Defining a schema for an analyzer

Analyzers are based on schemas that define the fields you want to extract or generate from a content file. At its simplest, a schema is a set of fields, which can be specified in a JSON document, as shown in this example of an analyzer definition:

{
    "description": "Simple business card",
    "baseAnalyzerId": "prebuilt-document",
    "config": {
        "returnDetails": true
    },
    "fieldSchema": {
        "fields": {
            "ContactName": {
                "type": "string",
                "method": "extract",
                "description": "Name on business card"
            },
            "EmailAddress": {
                "type": "string",
                "method": "extract",
                "description": "Email address on business card"
            }
        }
    },
    "models": {
        "completion": "gpt-4.1",
        "embedding": "text-embedding-3-large"
    }
}

This example of a custom analyzer schema is based on the pre-built document analyzer, and describes two fields that you would expect to find on a business card: ContactName and EmailAddress. Both fields are defined as string data types, and are expected to be extracted from a document (in other words, the string values are expected to exist in the document so they can be "read"; rather than being fields that can be generated by inferring information about the document). The models object specifies the generative models that the analyzer uses for processing.

Note

This example is deliberately simple, with the minimal information needed to create a working analyzer. In reality, the schema would likely include more fields of different types, and the analyzer definition would include more configuration settings. The JSON might even include a sample document. See the Azure Content Understanding API documentation for more details.

Using the Python SDK to create an analyzer

With your analyzer definition in place, you can use the Python SDK to create the analyzer. The ContentUnderstandingClient class provides a begin_create_analyzer method that handles the asynchronous creation process for you.

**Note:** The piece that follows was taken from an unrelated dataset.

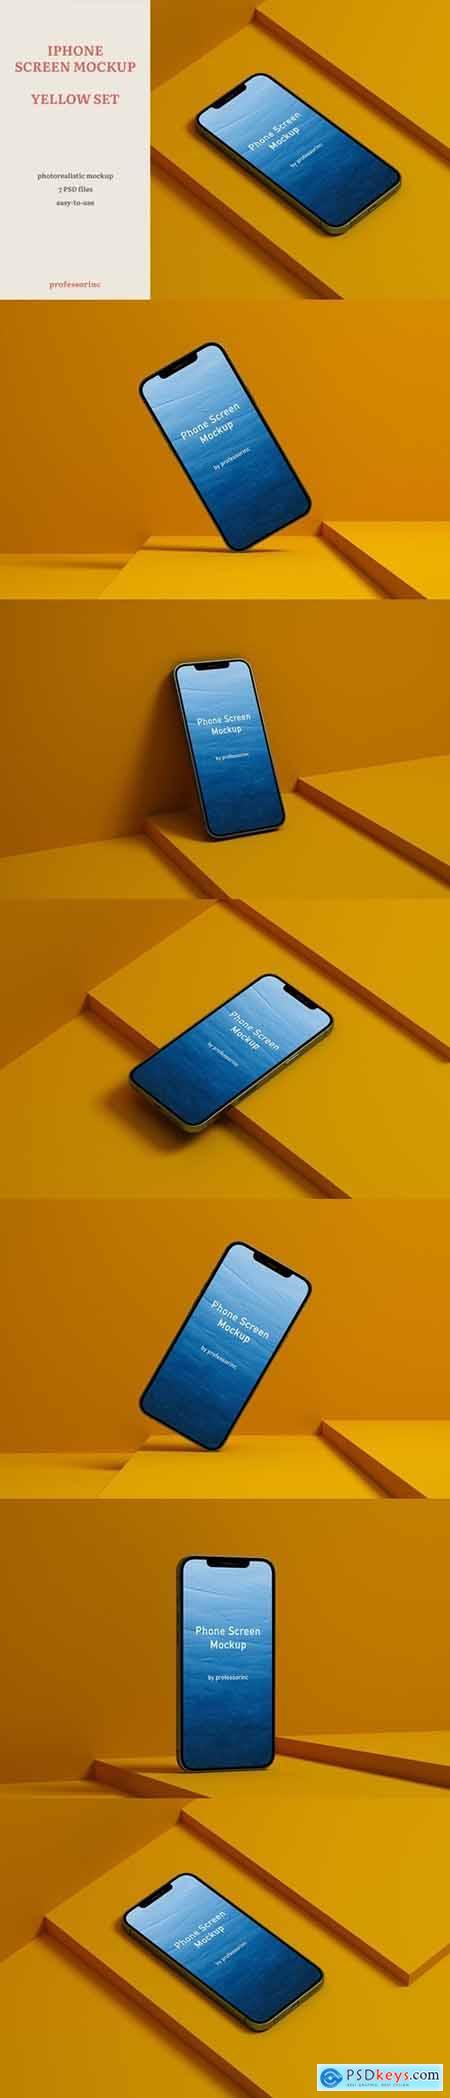 iPhone Screen Mockup — Yellow Set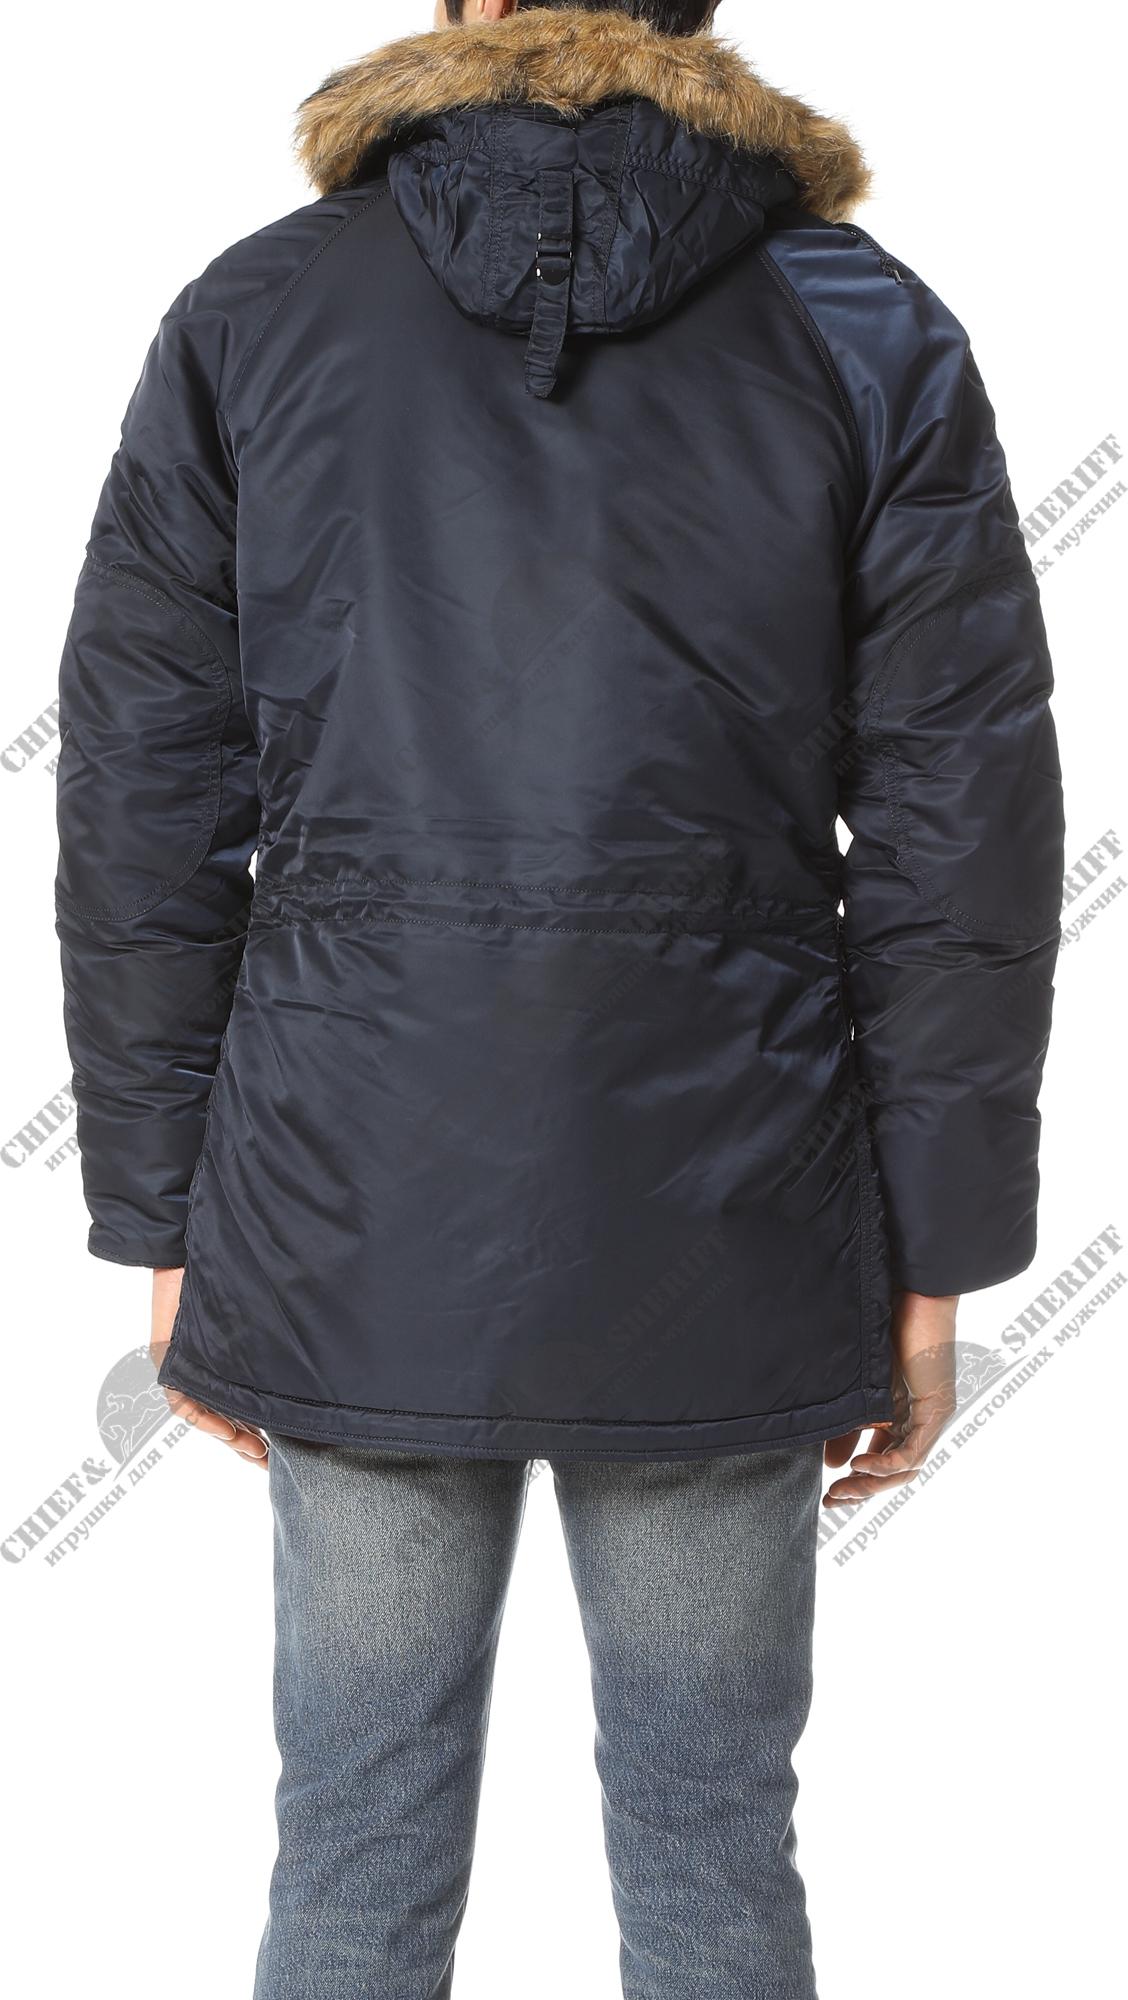 3844d5a2 ... Куртка аляска Alpha Industries slim Fit N-3B, Parka, blue-orange ...

from azure.ai.contentunderstanding import ContentUnderstandingClient
from azure.core.credentials import AzureKeyCredential

# Authenticate the client
endpoint = "<YOUR_ENDPOINT>"
credential = AzureKeyCredential("<YOUR_API_KEY>")
client = ContentUnderstandingClient(endpoint=endpoint, credential=credential)

# Define the analyzer
analyzer_name = "business_card_analyser"
analyzer_definition = {
    "description": "Simple business card",
    "baseAnalyzerId": "prebuilt-document",
    "config": {"returnDetails": True},
    "fieldSchema": {
        "fields": {
            "ContactName": {
                "type": "string",
                "method": "extract",
                "description": "Name on business card"
            },
            "EmailAddress": {
                "type": "string",
                "method": "extract",
                "description": "Email address on business card"
            }
        }
    },
    "models": {
        "completion": "gpt-4.1",
        "embedding": "text-embedding-3-large"
    }
}

# Create the analyzer and wait for completion
poller = client.begin_create_analyzer(analyzer_name, body=analyzer_definition)
result = poller.result()
print(f"Analyzer created: {result.analyzer_id}")

Using the REST API to create an analyzer

Alternatively, you can use the REST API directly. The JSON data is submitted as a PUT request to the endpoint with the API key in the request header to start the analyzer creation operation.

The response from the PUT request includes a Operation-Location in the header, which provides a callback URL that you can use to check on the status of the request by submitting a GET request.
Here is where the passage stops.